--- Input for this task Enclosed Below ---
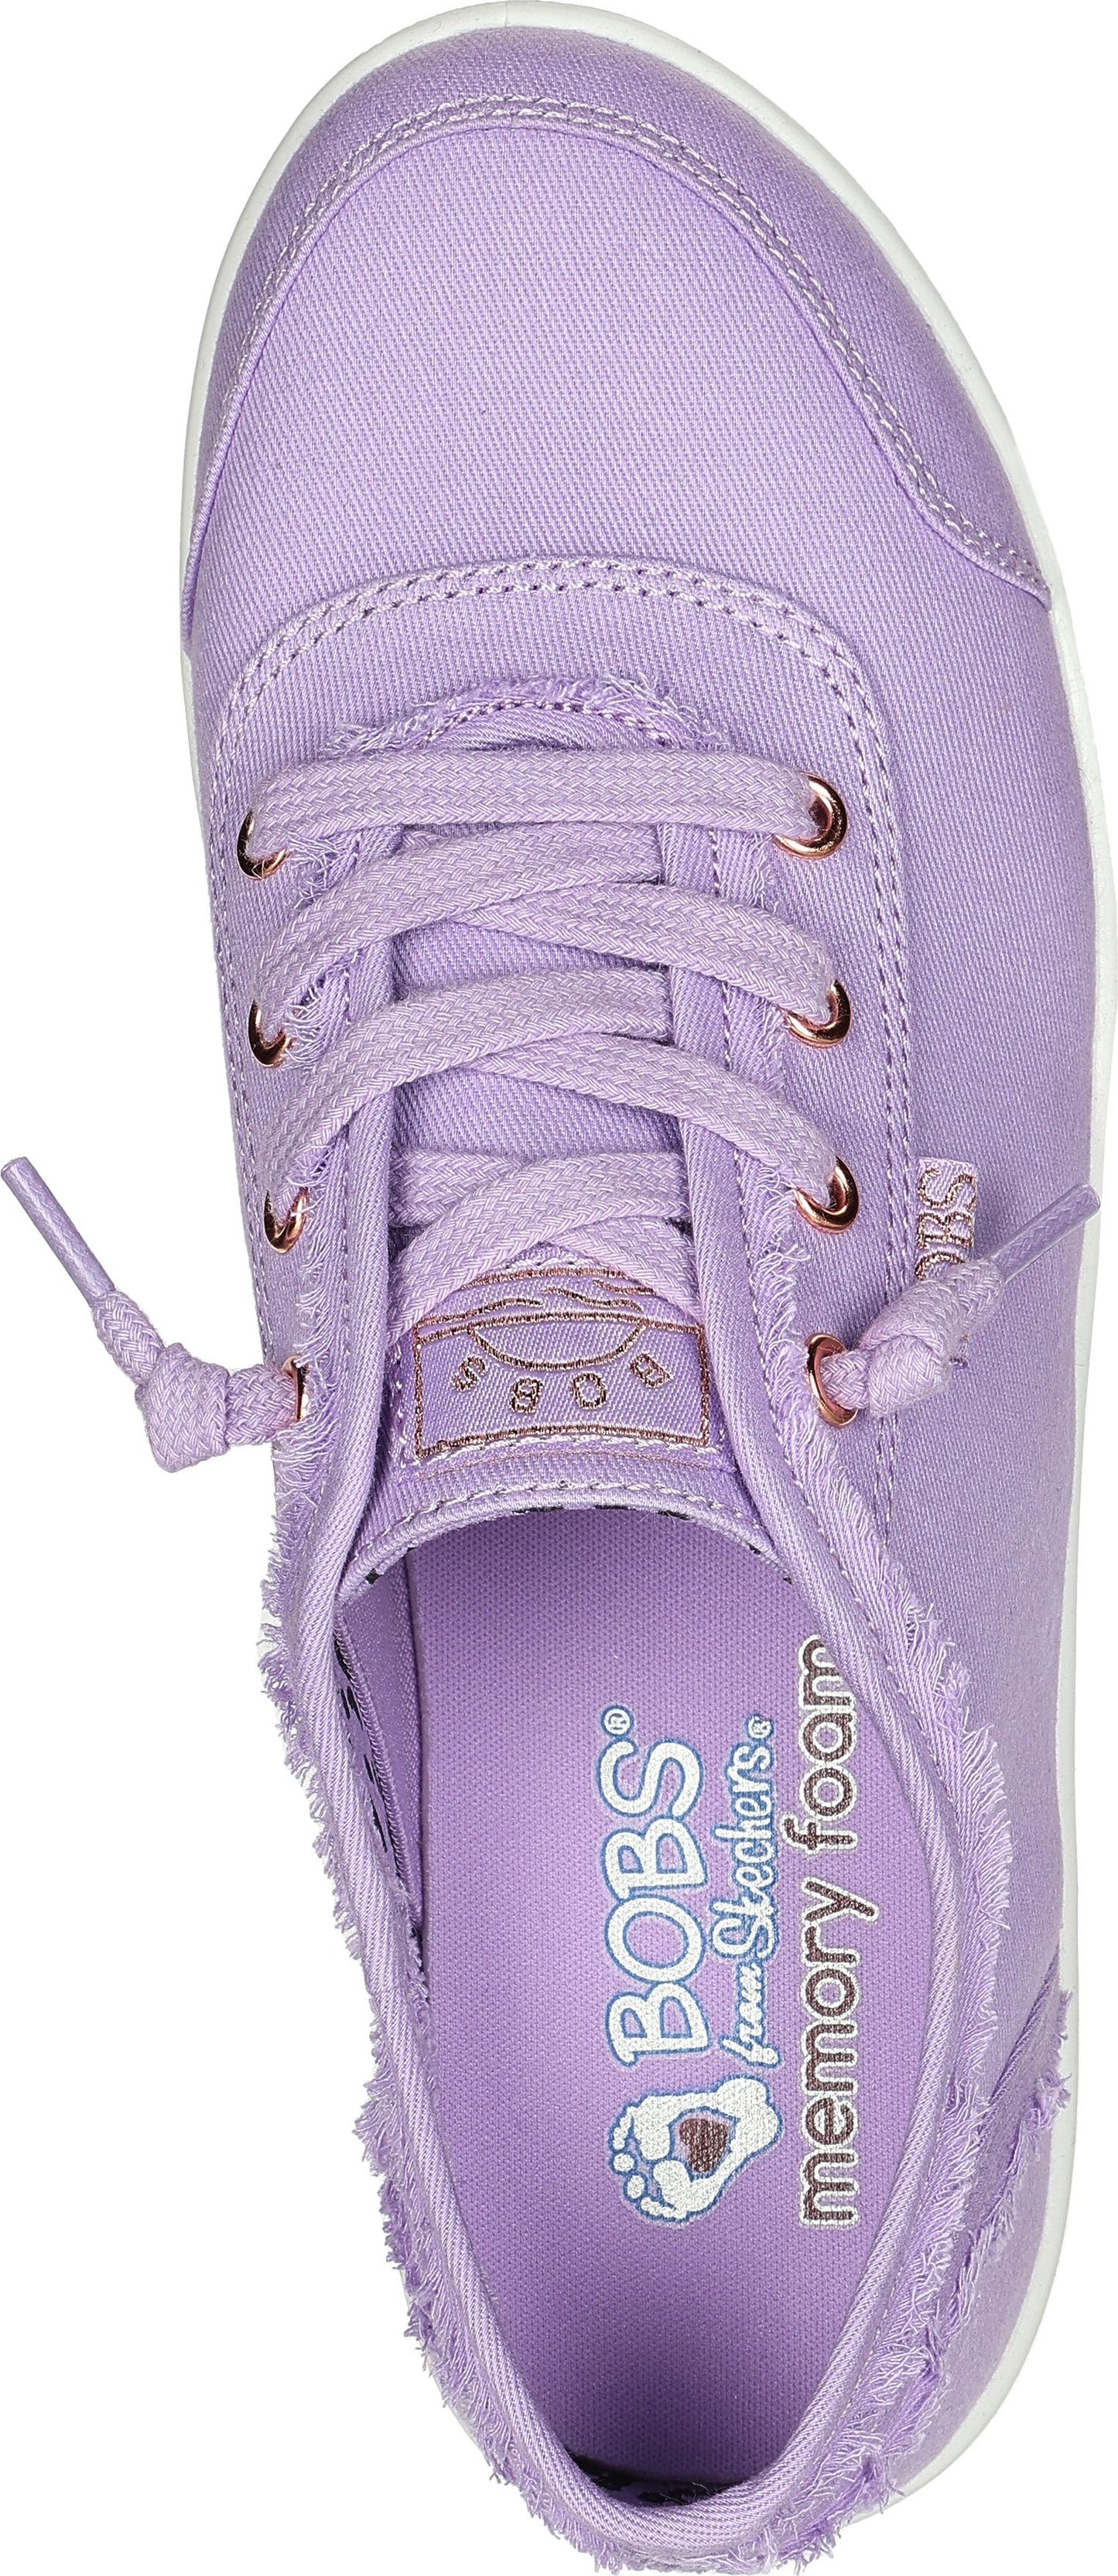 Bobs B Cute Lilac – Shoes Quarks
--- End of Enclosed Input for this task ---
--- Input for this task Enclosed Below ---
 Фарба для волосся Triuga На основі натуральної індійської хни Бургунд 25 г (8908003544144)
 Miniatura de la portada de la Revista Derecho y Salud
--- End of Enclosed Input for this task ---
--- Input for this task Enclosed Below ---
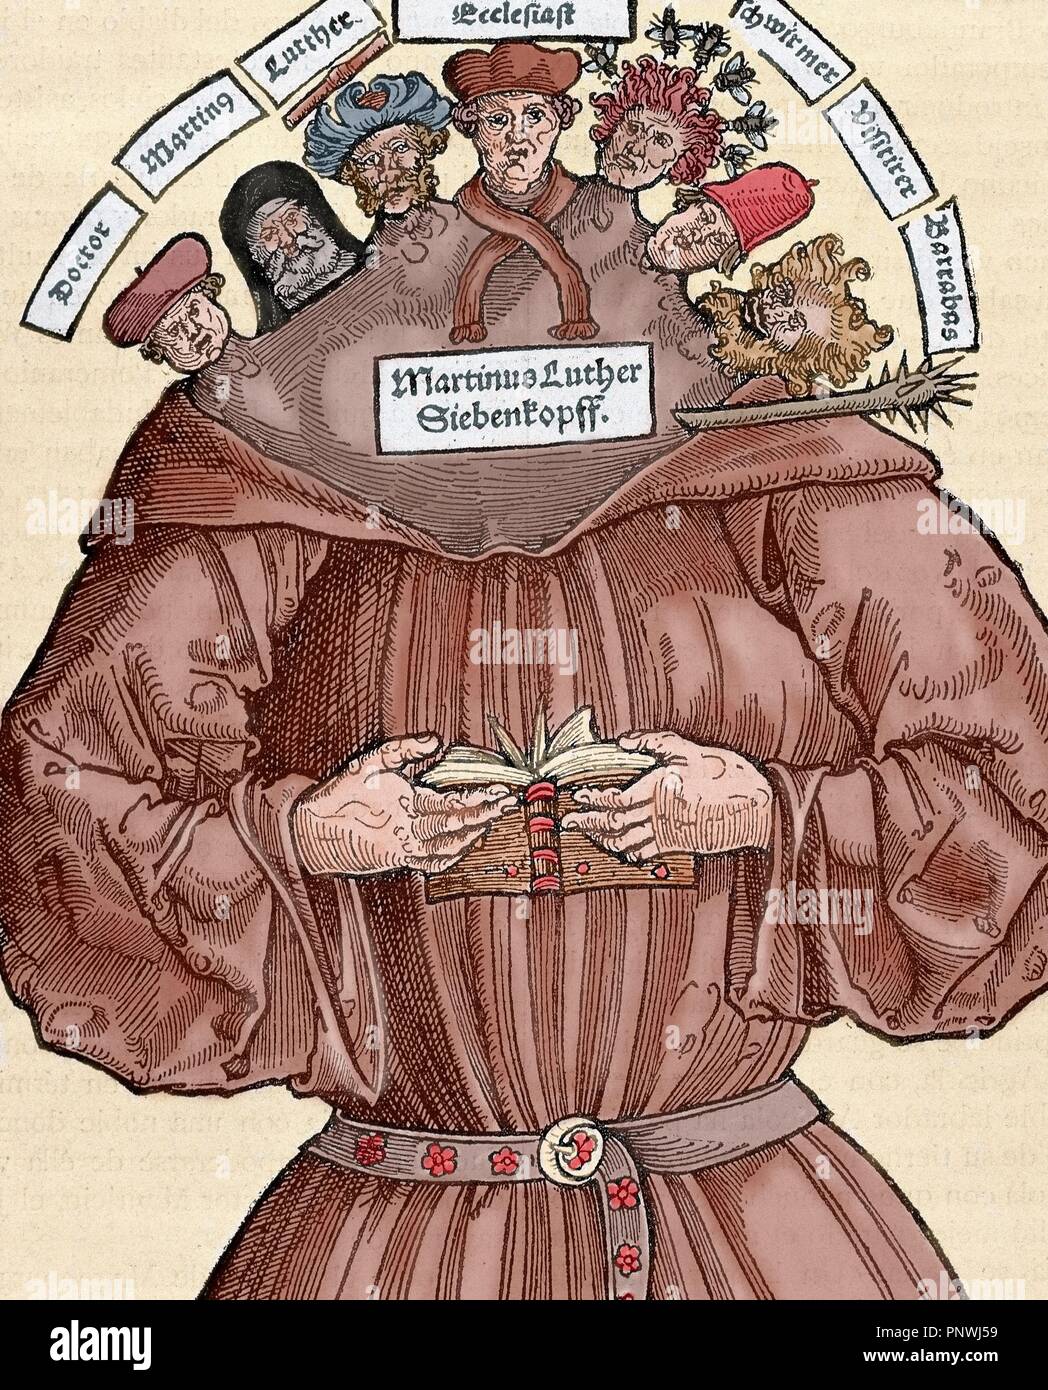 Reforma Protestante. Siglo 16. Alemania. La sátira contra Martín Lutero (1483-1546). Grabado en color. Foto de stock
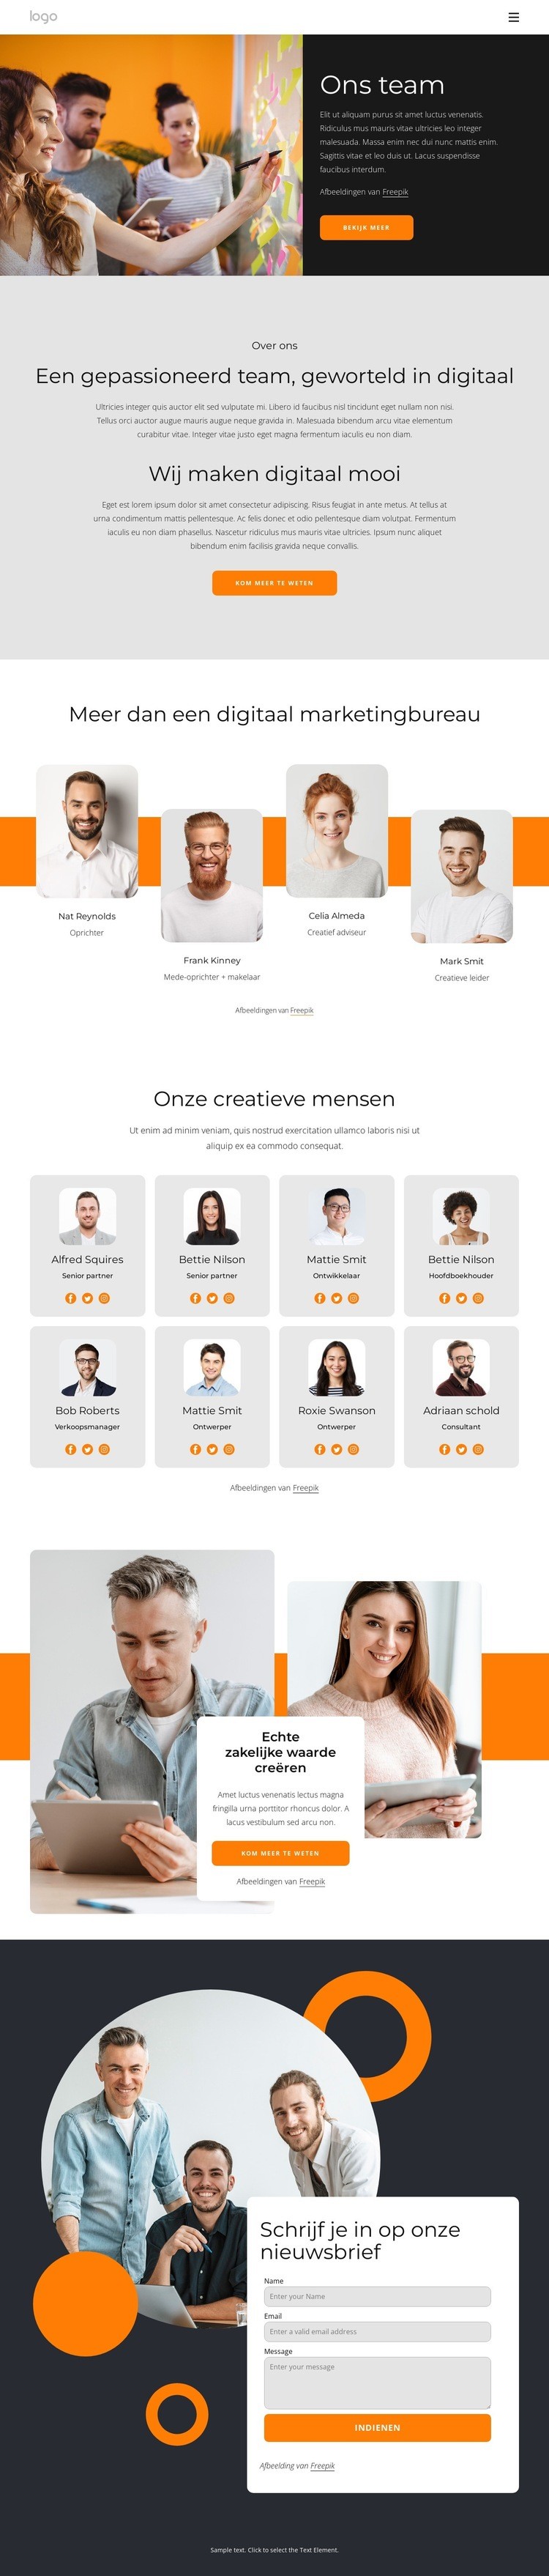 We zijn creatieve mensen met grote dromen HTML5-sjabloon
--- End of Enclosed Input for this task ---
- What needs to be done
In the listing above, find the line with "Reforma Protestante. Siglo" and output it and every line after it up to and including the line with "We zijn creatieve", exactly, minus the pictures.

- Completed exercise
 Reforma Protestante. Siglo 16. Alemania. La sátira contra Martín Lutero (1483-1546). Grabado en color. Foto de stock
 We zijn creatieve mensen met grote dromen HTML5-sjabloon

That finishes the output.